More than what was said, what is really striking is what went unsaid:

  1. Nothing was said about how we improve and develop our intelligence apparatus. Intelligence is a more valuable weapon in fighting terror than are bombs and guns. We can’t fight anything until we can identify the who, where, and how’s of the operation. You would think any viable plan to counter terror would at least make some mention of how one planned to use intelligence as part of the proposal.
  2. There was no mention of finance. It takes money for these groups to operate. If ISIS sends some American converts back to the states to develop a terror cell and carry out attacks on American soil, somebody is financing them. Money is flowing into the country. Weapons are easy to get, but they cost money. Building explosive devices likewise. There are paper trails. How do you plan to identify this money flow? What actions do you take to hold the financiers accountable? How do you stop the money flow? And so on.

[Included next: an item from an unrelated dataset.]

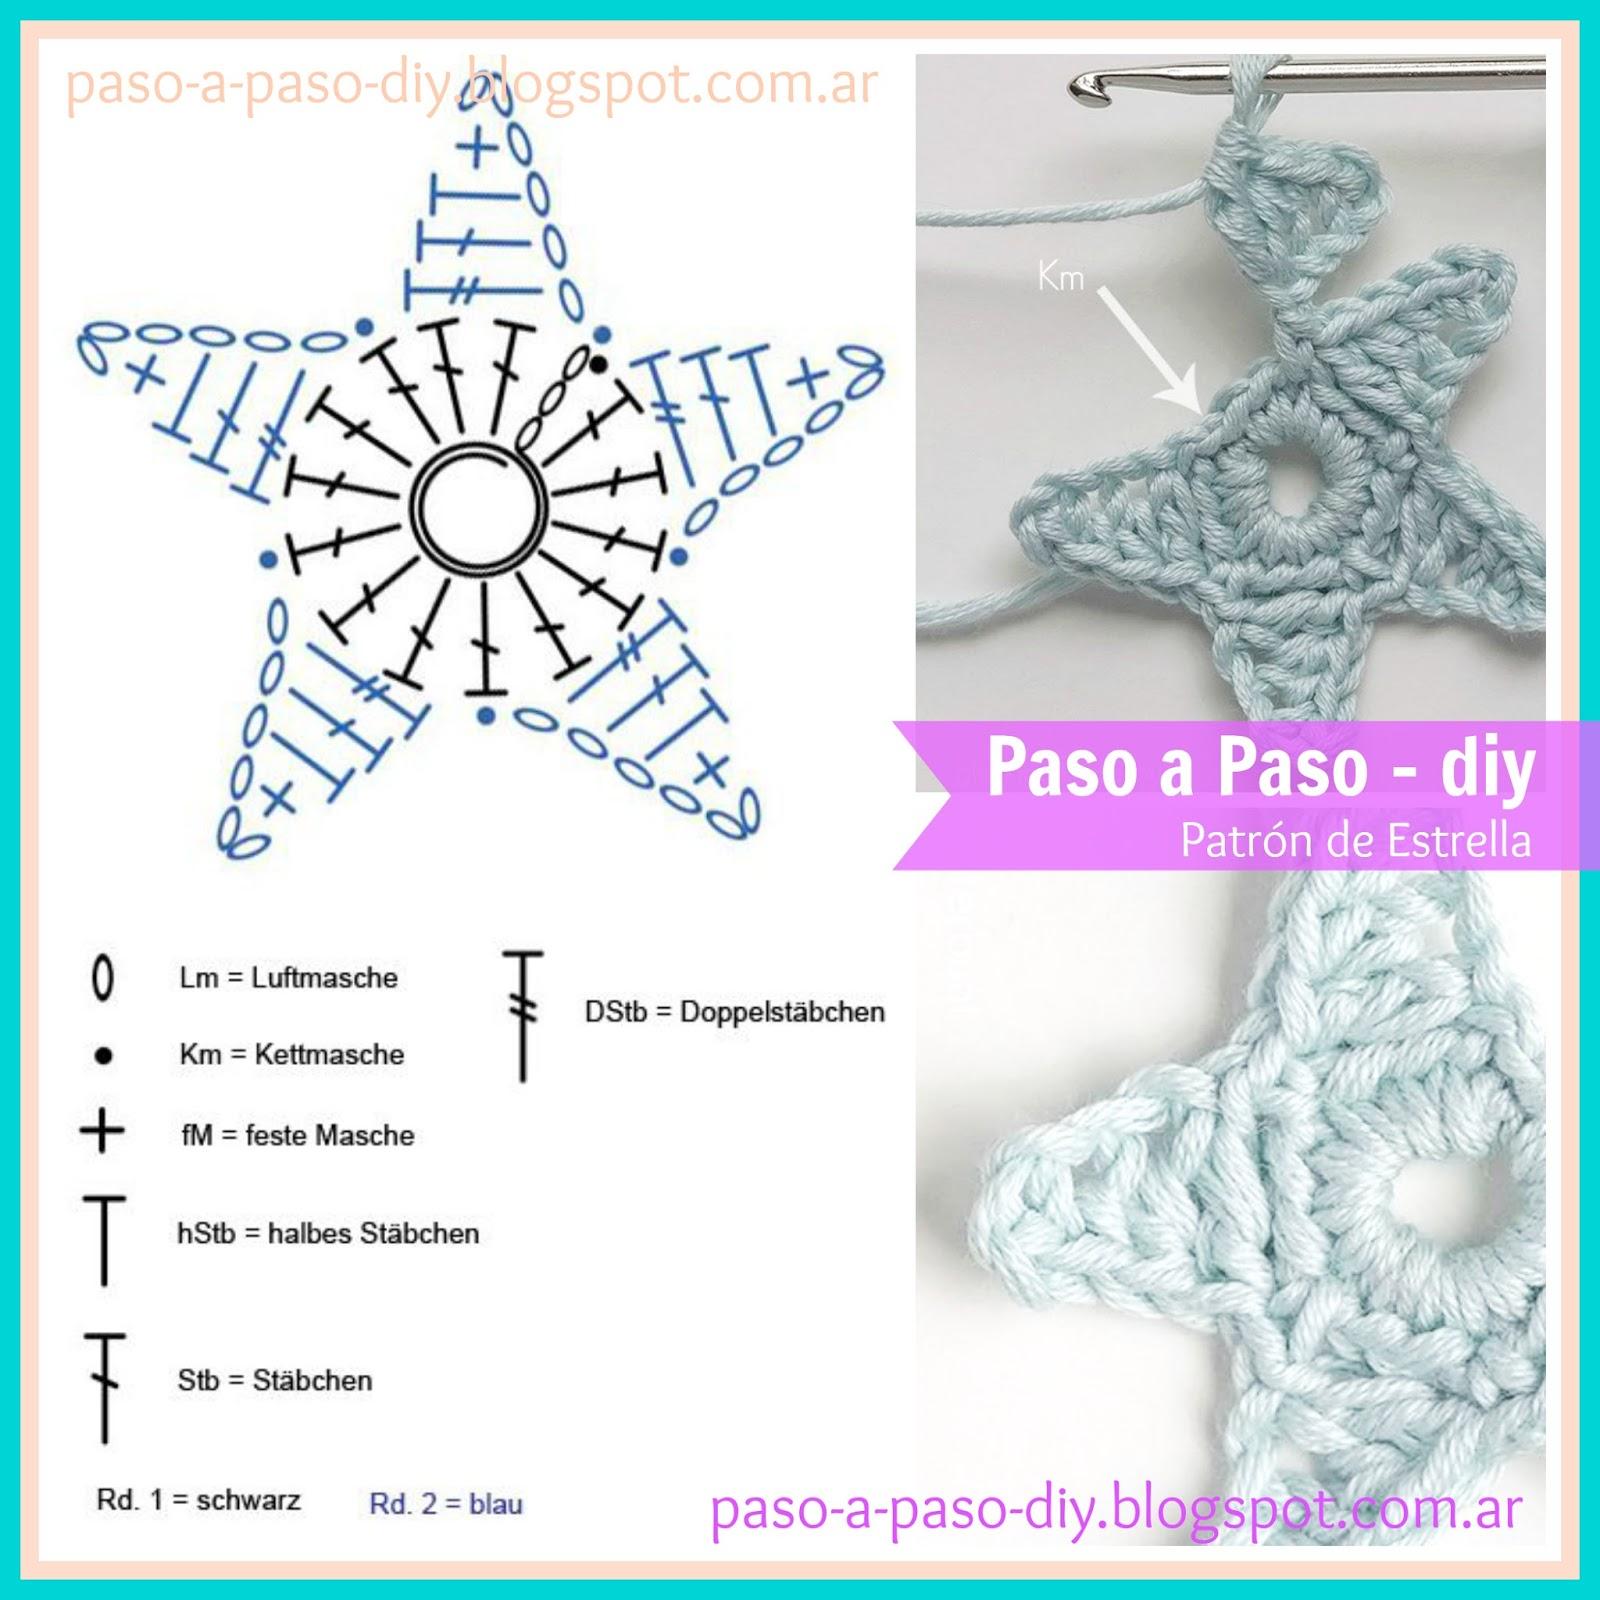 Dorable Modelo De Estrella Ganchillo Ornamento - Manta de Tejer ...
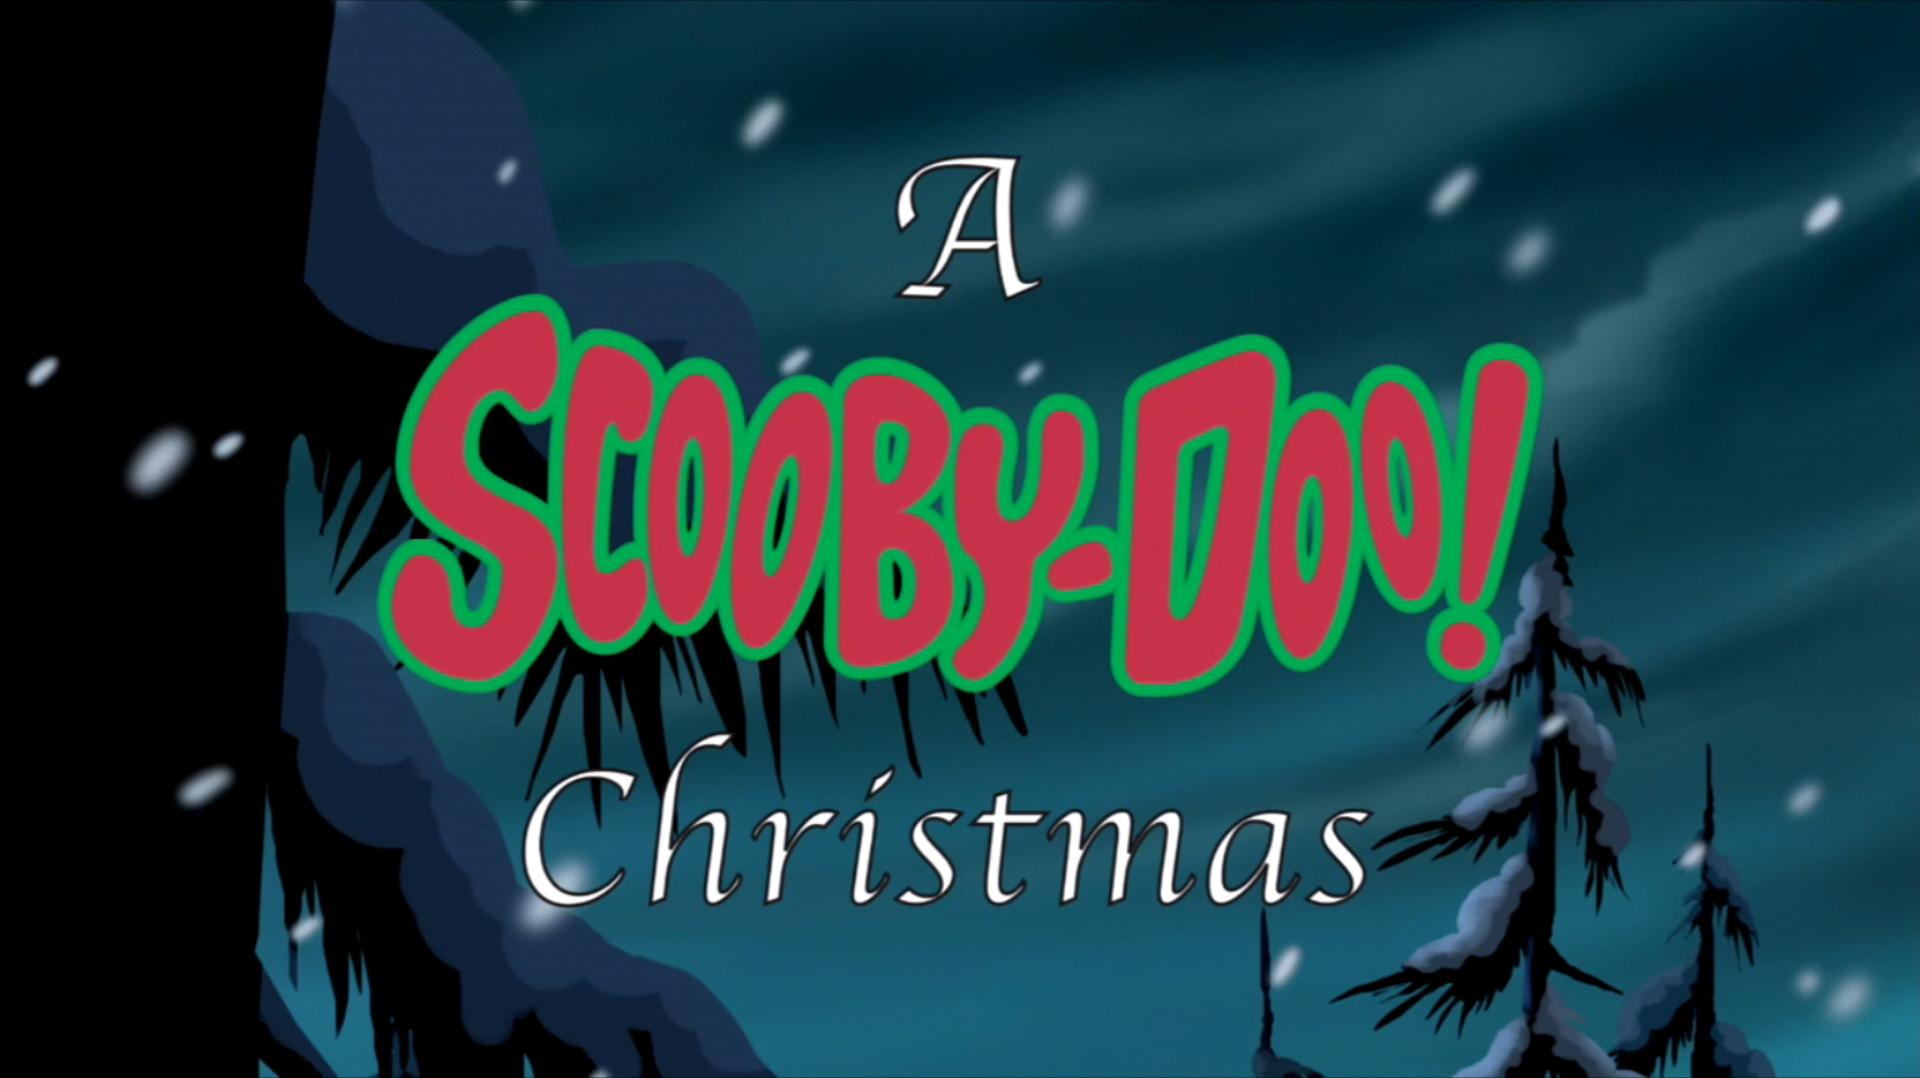 A Scooby-Doo! Christmas | Christmas Specials Wiki | FANDOM powered ...

Look, it’s easy for the left to say Bush was a bad guy — he caused this problem by going into Iraq unadvised. It’s easy for the right to say Obama is a bad guy, he hasn’t done enough. The truth is, terrorism isn’t Bush’s fault. It isn’t Obama’s fault. It isn’t the French government’s fault. Republicans, Democrats, Independents, Libertarians and all other freedom-loving people abhor terror and want to see it brought to its knees. The war on terror is an unimaginably difficult war — one that we will always fight at a disadvantage as long as they are willing to target innocent civilians and we are not. If we want to have any chance to make serious headway against this global threat, it’s high time we quit pointing fingers, making our allies into our enemies, and using a serious global threat as fodder for partisan politics. This is the one issue that we need to put nationalism and partisan politics aside and say “We will be united in this cause. Wherever else we might disagree, on this one issue we will join together and fight as one.”

The reason we are losing this war is because terrorism divides us, but unites the jihadists. Sadly it seems all the politicians and most of the public fails to grasp the significance of that point.